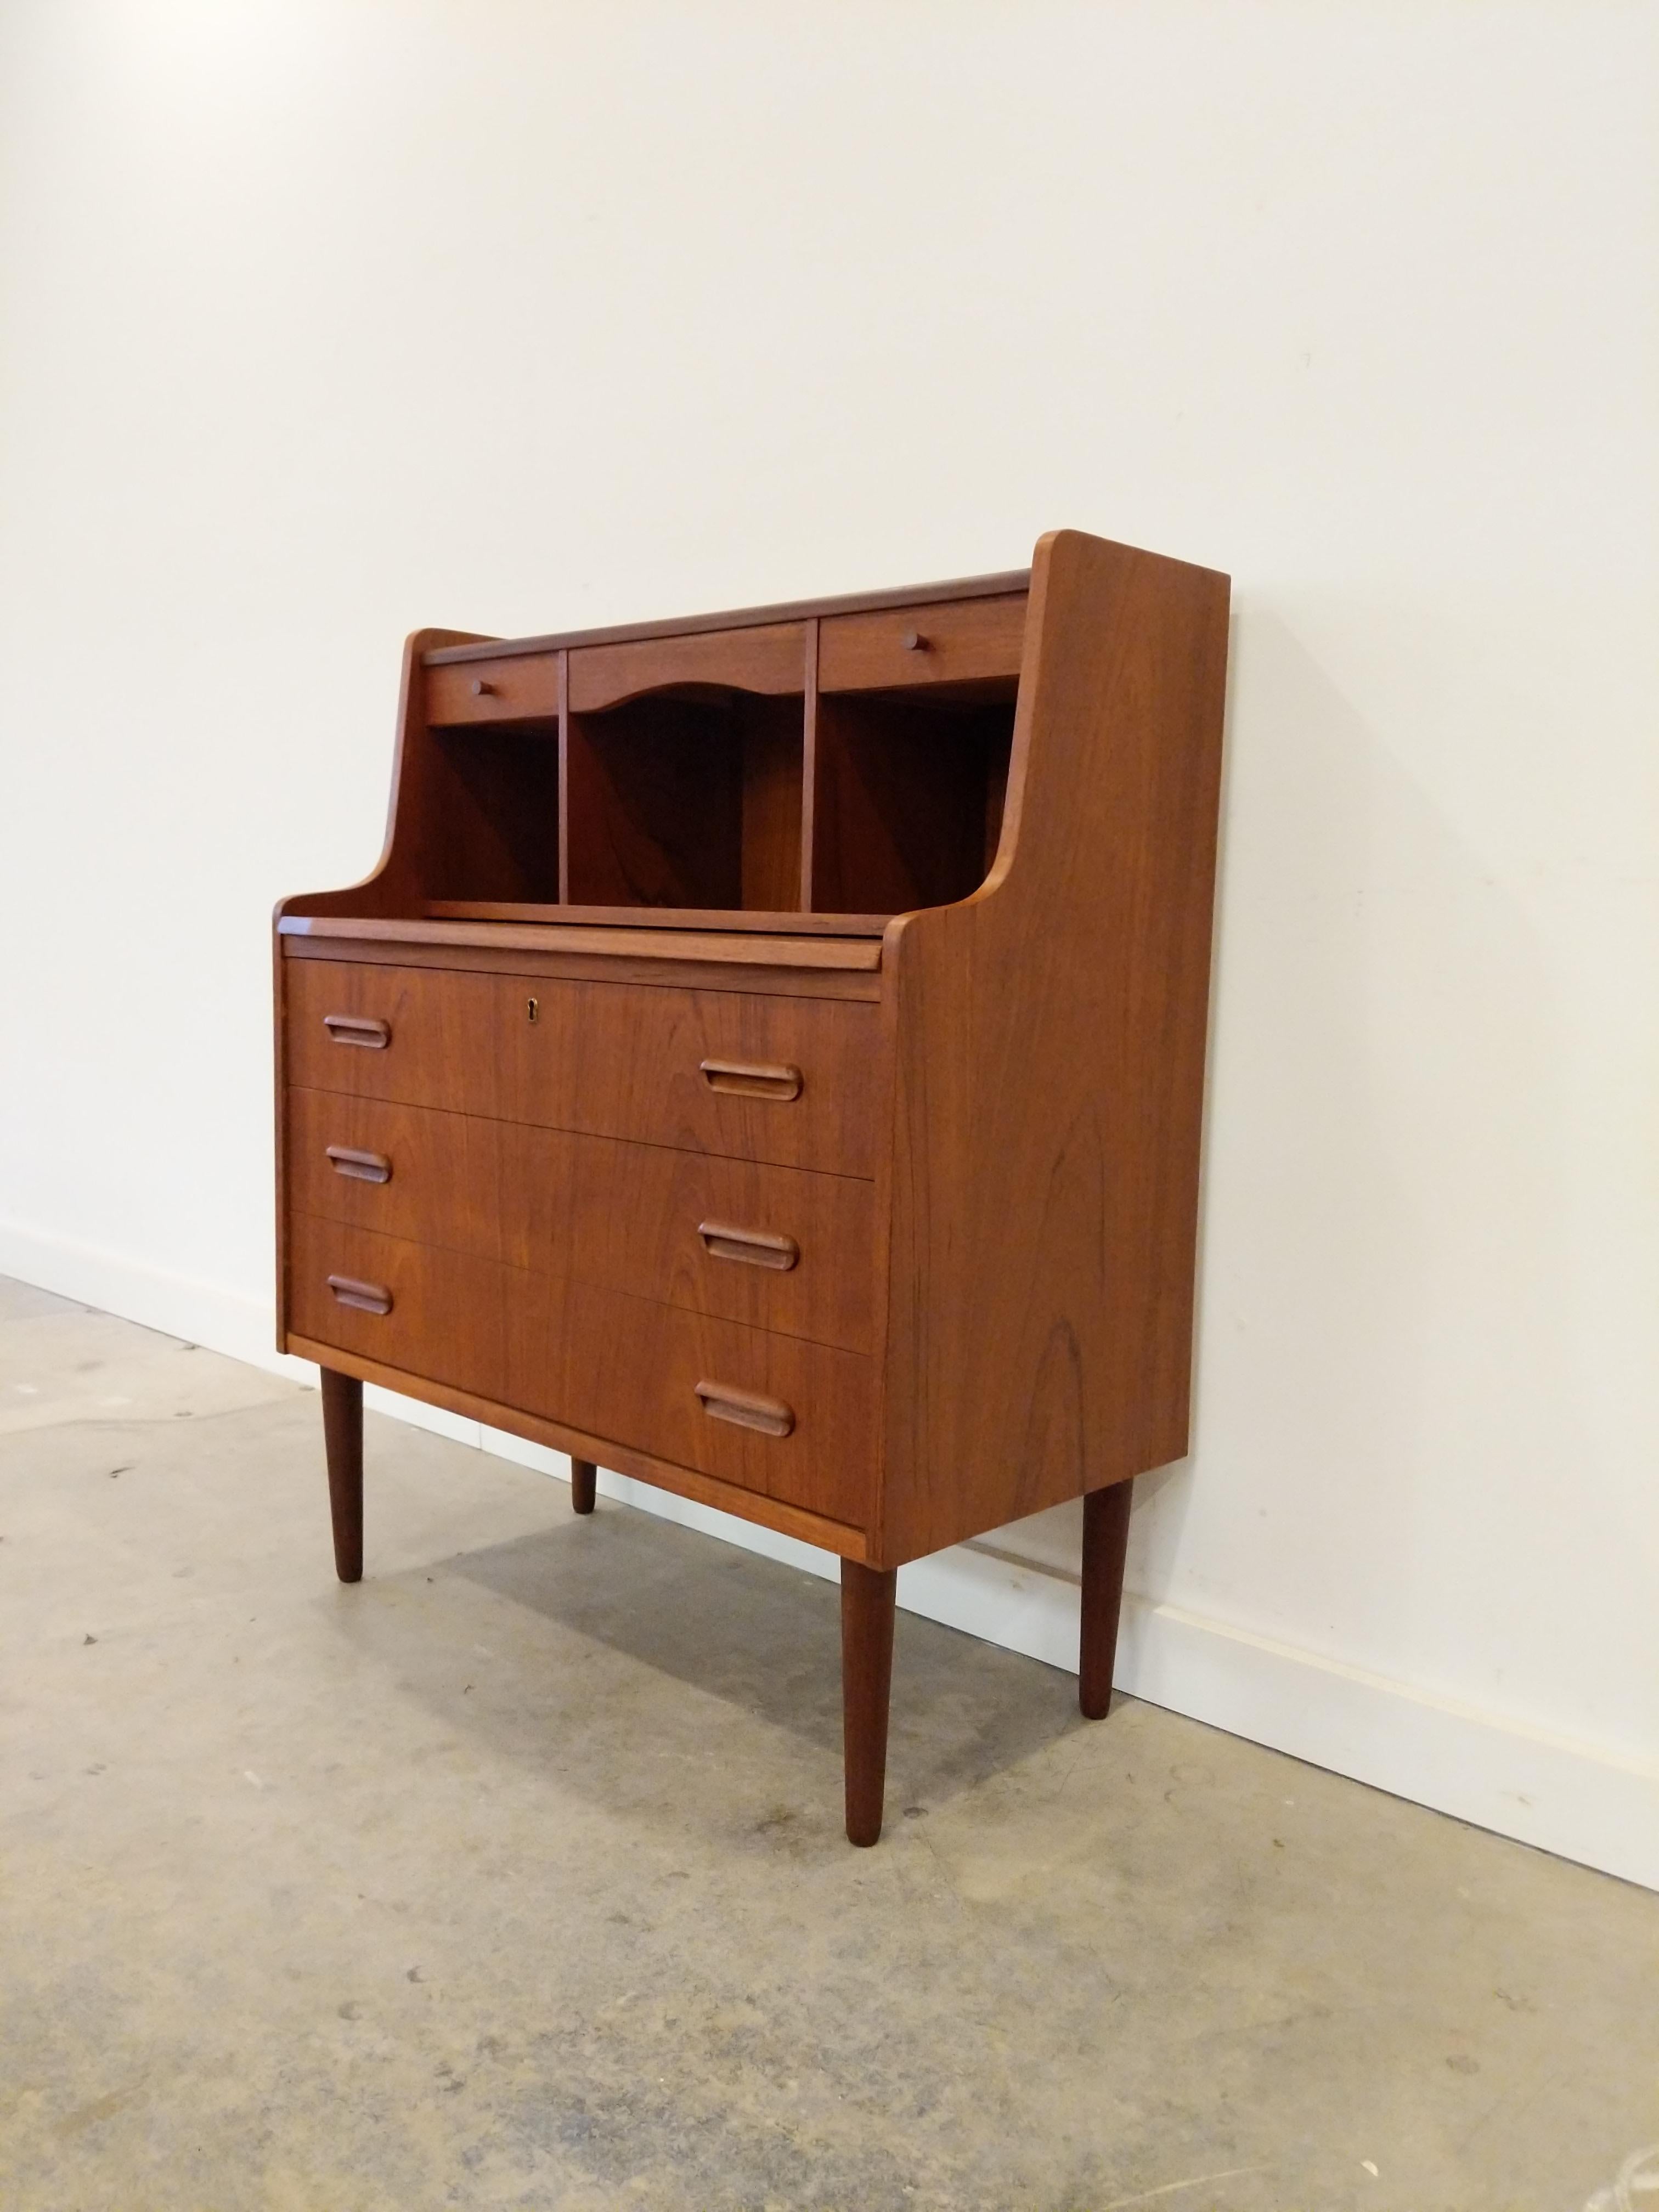 Authentic vintage mid century Danish / Scandinavian Modern teak secretary desk / dresser / chest of drawers / vanity with mirror.

**Mirror has some tarnish**

This piece is in excellent refinished condition with very few signs of age-appropriate
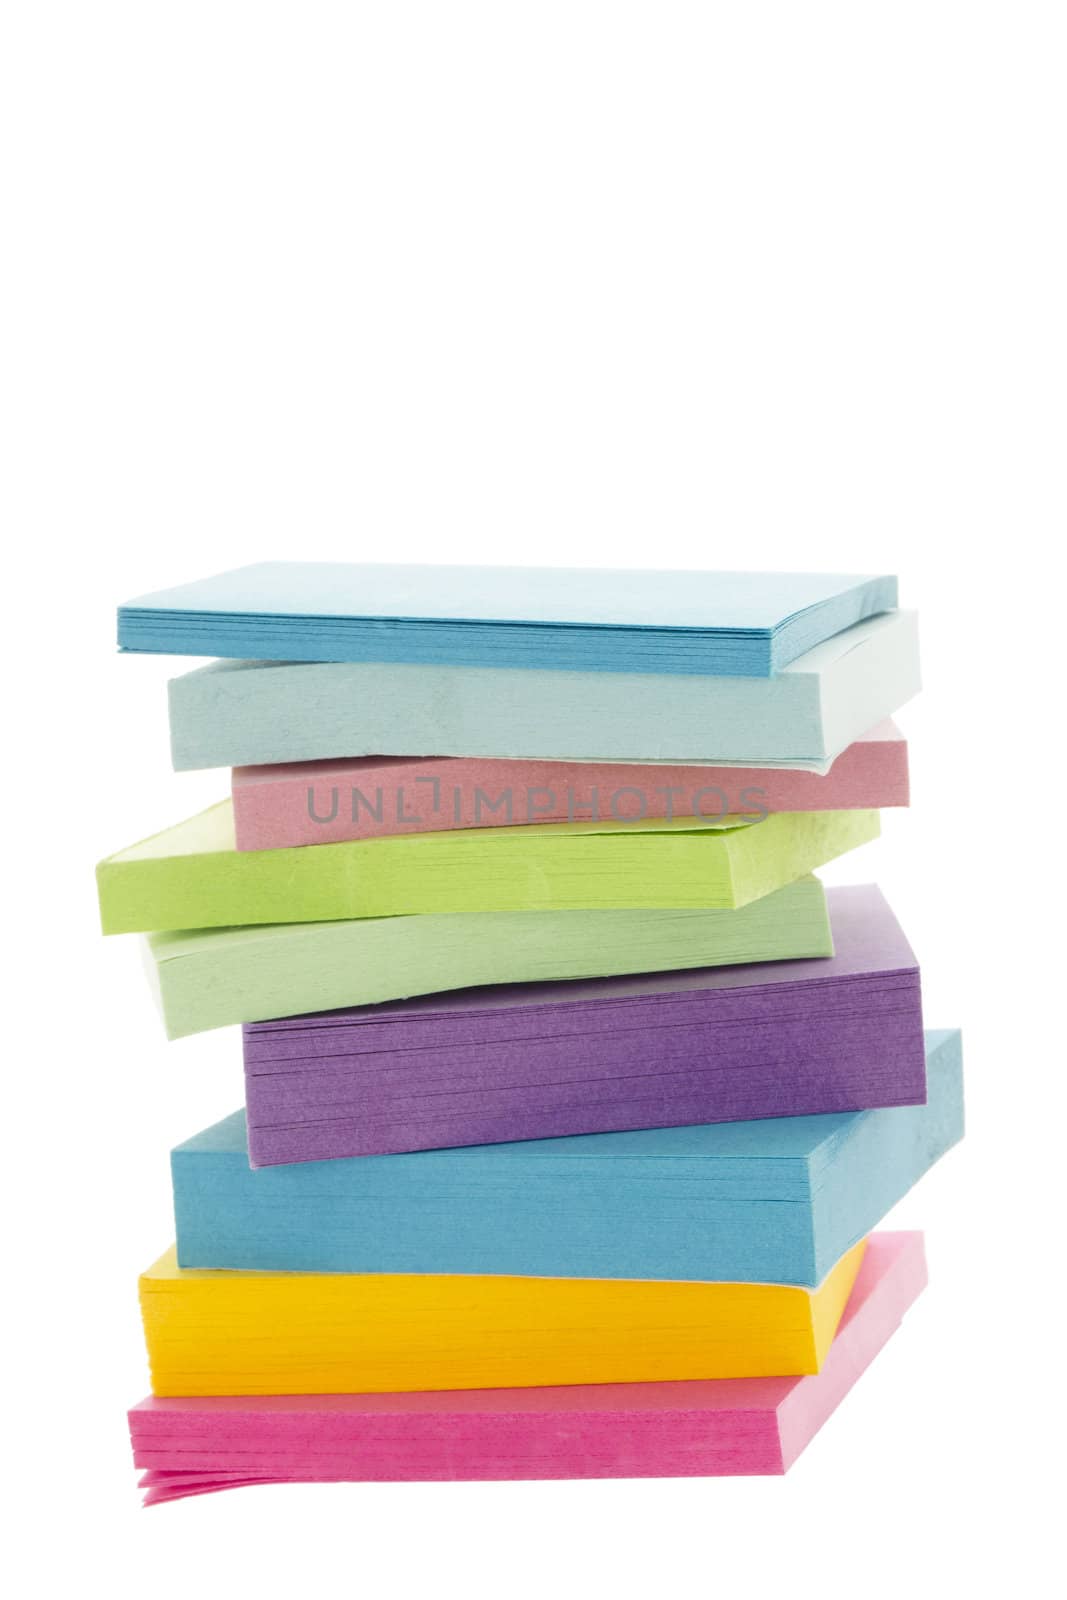 A pile of colorful adhesive paper isolated over the white background

__AIM OF THE EXERCISE__
From the line containing "This piece is" down to the end of the listing above, every line is to be returned exactly, though the pictures are not.

__OUTPUT BELOW__
This piece is in excellent refinished condition with very few signs of age-appropriate
 A pile of colorful adhesive paper isolated over the white background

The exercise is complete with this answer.